With regard to professional responsibility, a lawyer has an ethical duty to ensure the confidentiality and security of client information. Ethical opinions make clear that this duty extends to technology. Before using any platform, cloud or local, for e-discovery, the lawyer should take steps to ensure that the platform and the vendor meet the high standards that ethics rules demand.
As a longtime trial lawyer who has been steeped in legal technology throughout my career, I am convinced that the cloud is the better option for large-scale e-discovery. Of course, every legal team must make its own independent determination about which platform is best. While a number of factors are relevant, cost is always near the top of the list. As our analysis shows, when you evaluate the total cost of ownership of cloud versus local platforms, the cloud wins, hands down. LP
Glossary of Technical Terms
- deNIST: To remove program files found on the NIST list from the electronic file population before submitting that population to a search and review platform. NIST files do not contain user-provided text content, and are rarely reviewed or produced during discovery. (See NIST below.)

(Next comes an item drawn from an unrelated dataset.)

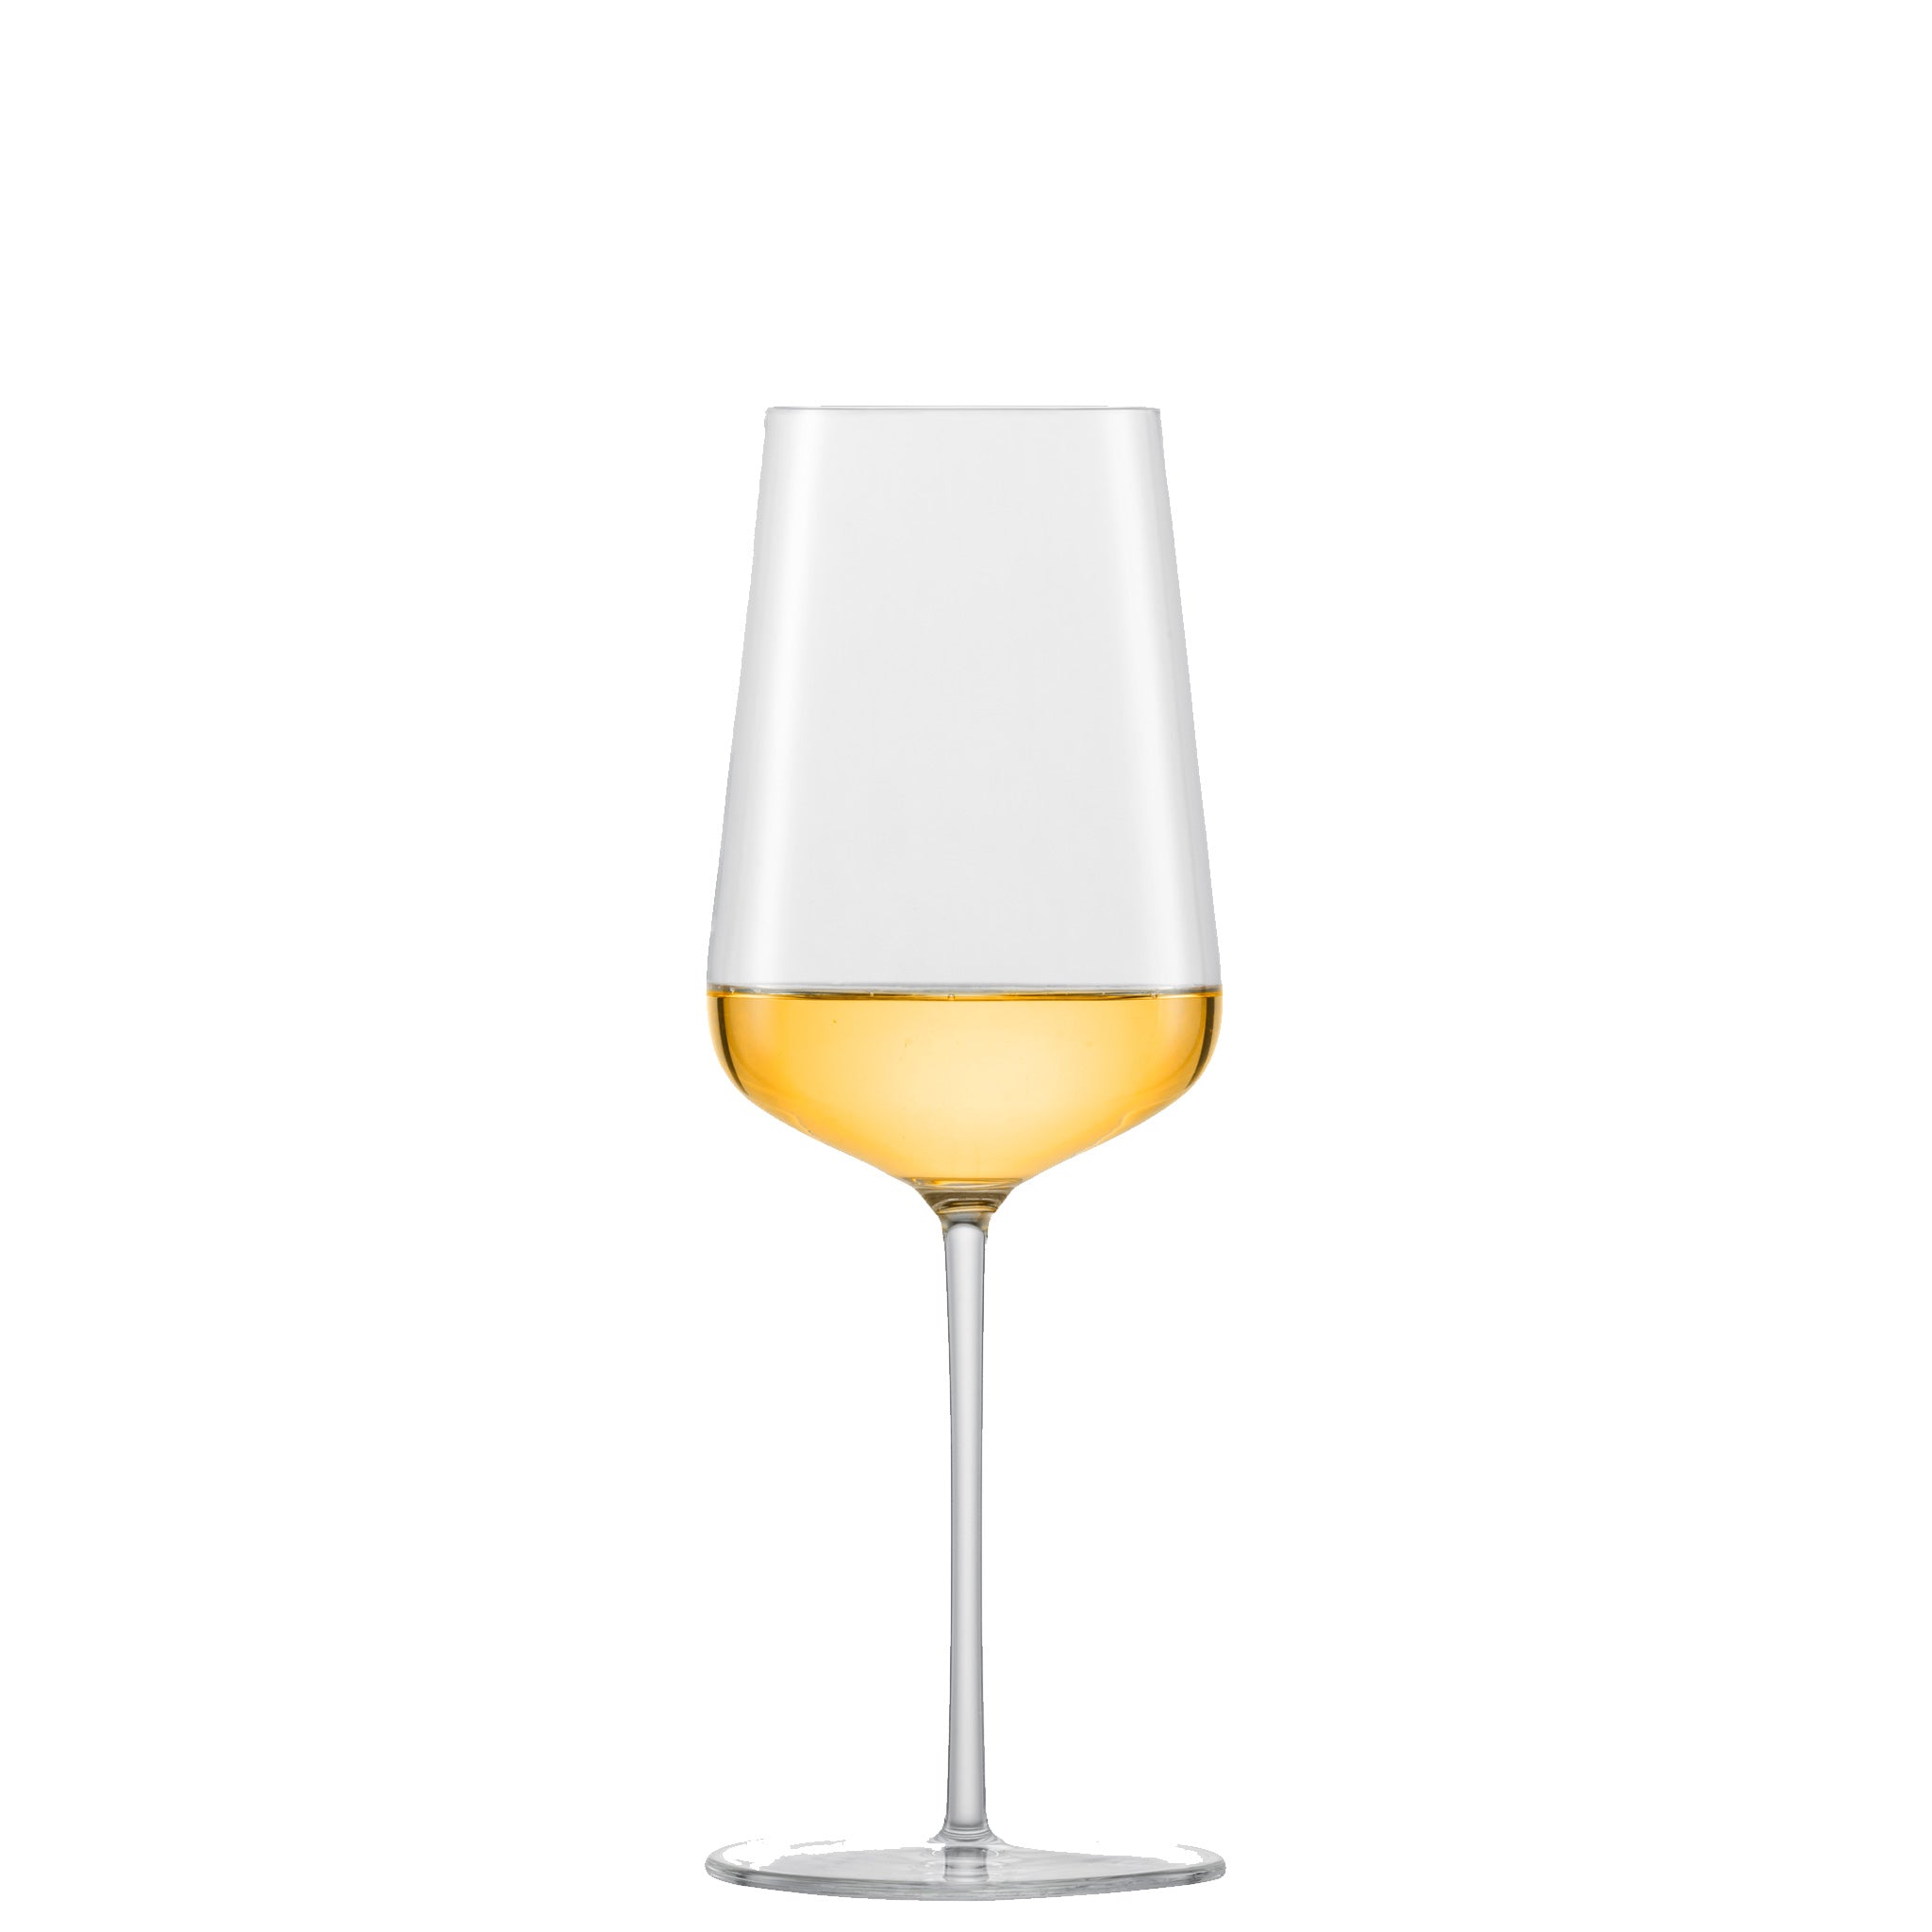 白ワイン用のグラスをお持ちですか。 | ツヴィーゼル公式サイト

- ESI: An abbreviation for “electronically stored information.” This term is used in the Federal Rules of Civil Procedure to describe the files subject to electronic discovery.
- Full Redundancy: This means that there is a second copy of all hardware and software used in a system. If one device fails, the system can switch over to the other with minimal interruption for the user.

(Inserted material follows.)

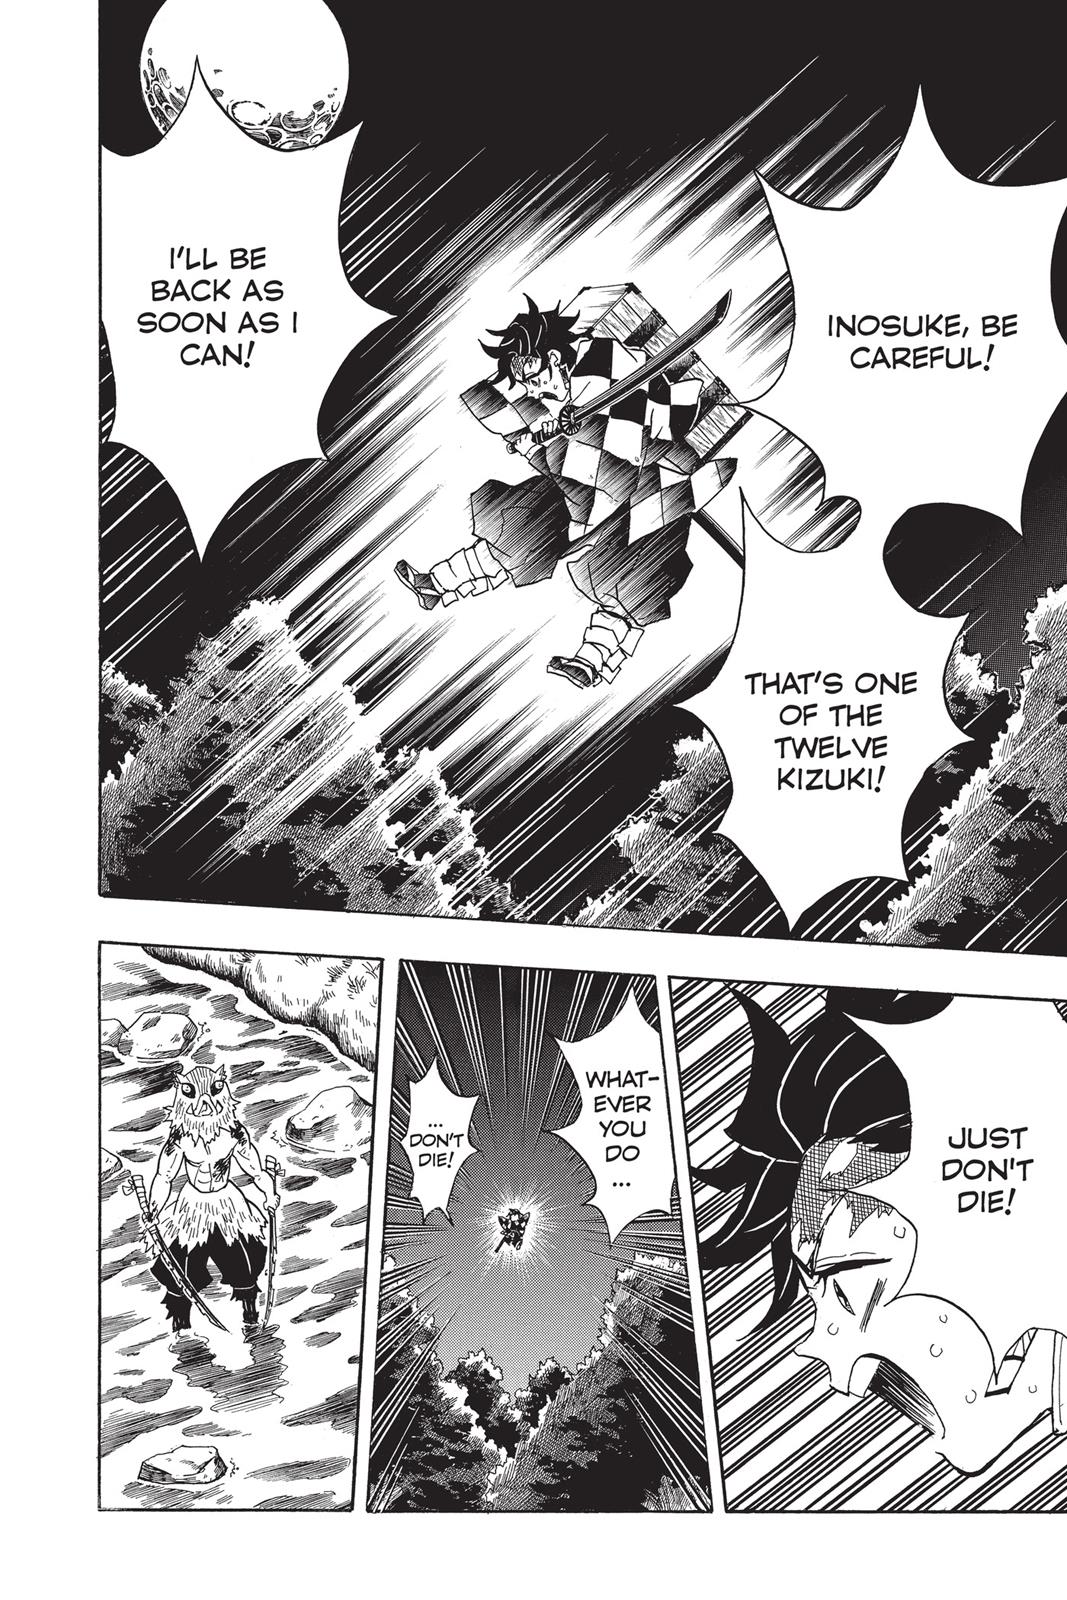 Demon Slayer Manga Manga Chapter - 35 - image 15

- GB: Refers to a gigabyte, which is the equivalent of 1,024 megabytes (MB) or 1 billion bytes of data.
- GigE Link: A high-speed connection between an office and a data center. It is short for Gigabit Ethernet, which can transfer 1 million bits per second using the ubiquitous Ethernet networking protocol.

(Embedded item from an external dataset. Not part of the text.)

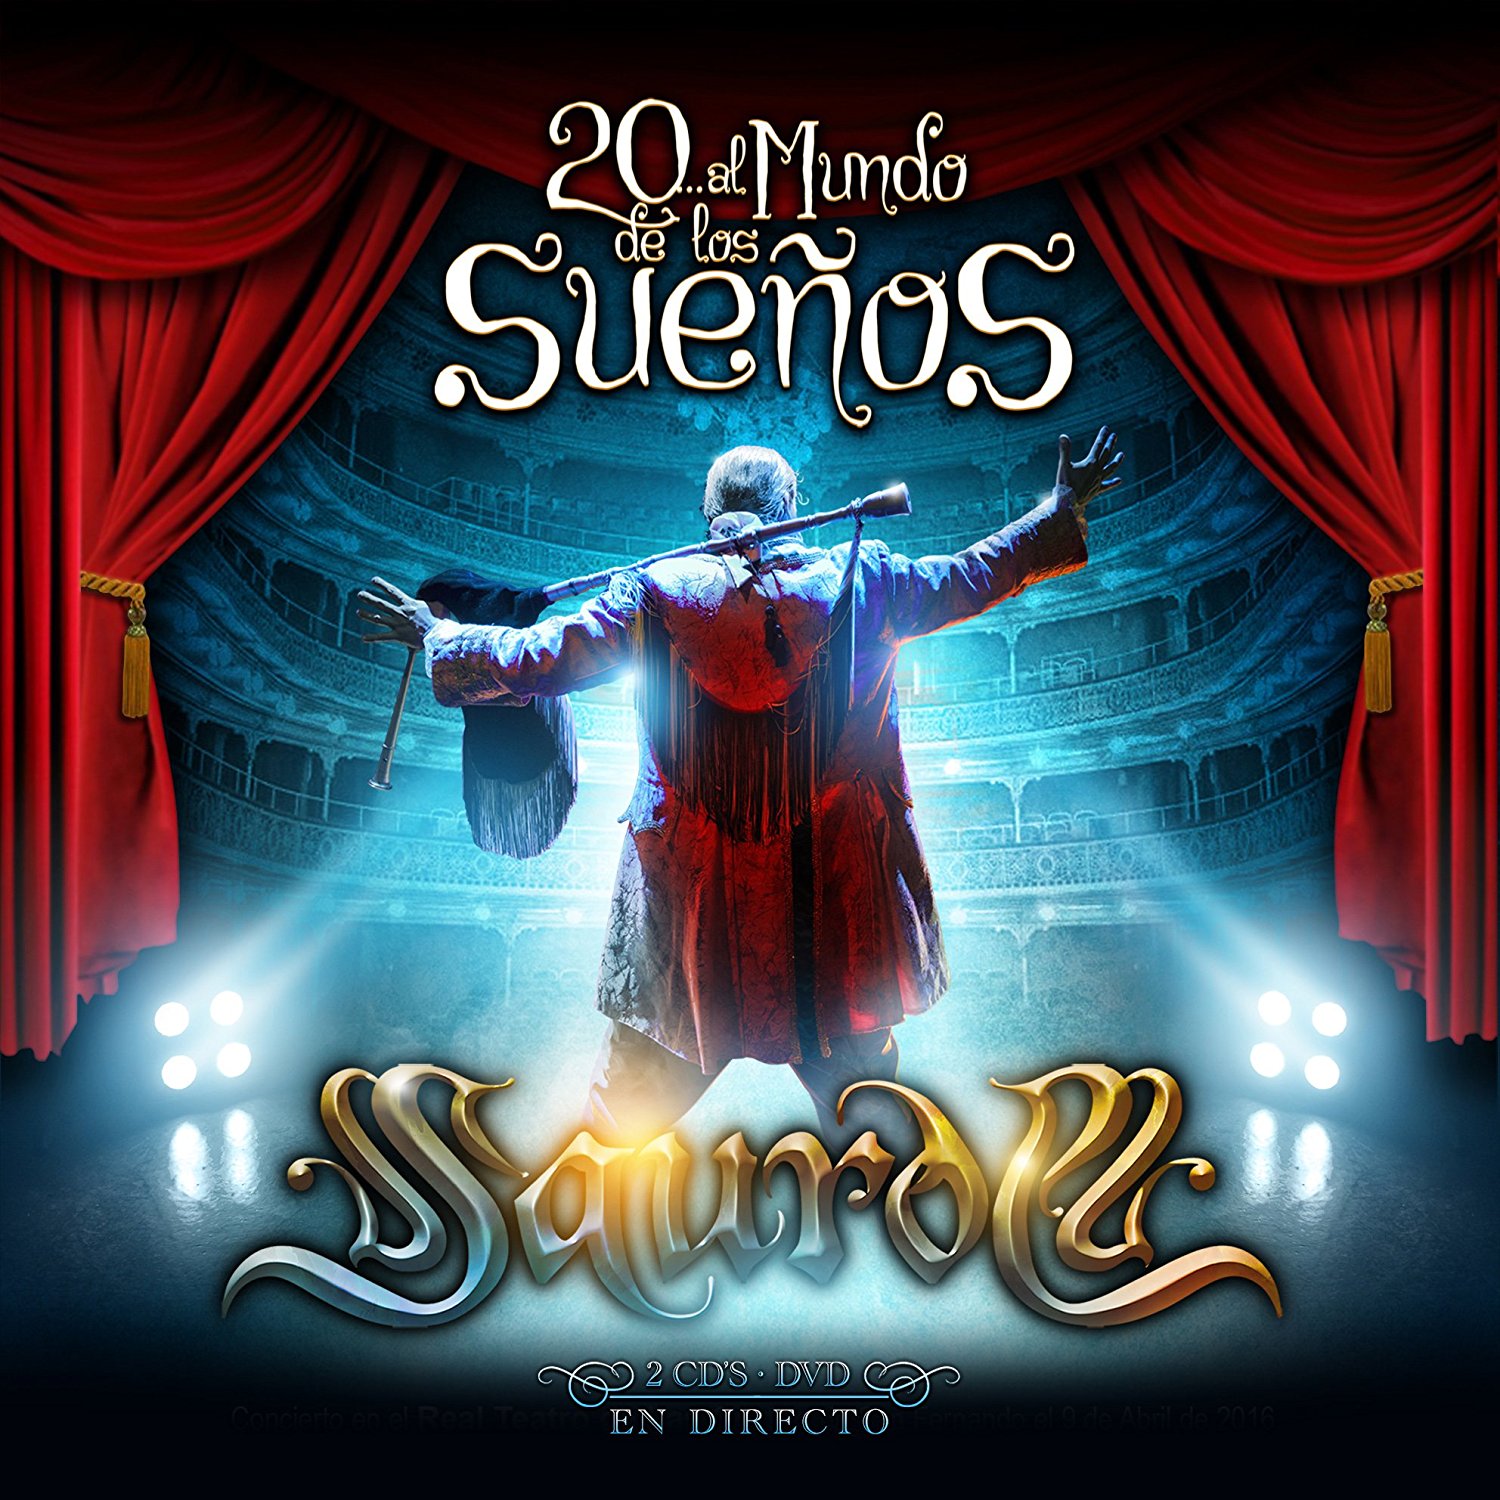 20 AL MUNDO DE LOS SUEÑOS -2CD + DVD-

- MB: Refers to a megabyte, which is the equivalent of 1,024 kilobytes (KB) or 1 million bytes of data.
- Mbps: Stands for “megabits per second” and refers to the speed of data transmission. Mbps is a fairly high rate of transmission.
- Native Files: Files typically used in discovery, such as Word, Excel, PowerPoint, email or other files used to create and share content. A native file is one that has not been converted to a display format such as PDF or TIFF.
- NIST: Stands for the National Institute of Standards and Technology, a government agency focusing on measurements, among other things. NIST publishes a list of the Hash values for commercially available software. The NIST list is used during processing to identify and remove program files that are typically not suitable for search and review.
- Production: The act of producing files to an opposing party for disclosure or in response to a production request.
- TB: Refers to a terabyte, which is the equivalent of 1,000 gigabytes (GB) or 1 trillion bytes of data.
- Technology Refresh: A reference to the periodic need to replace hardware (and sometimes software) because it has become out of date.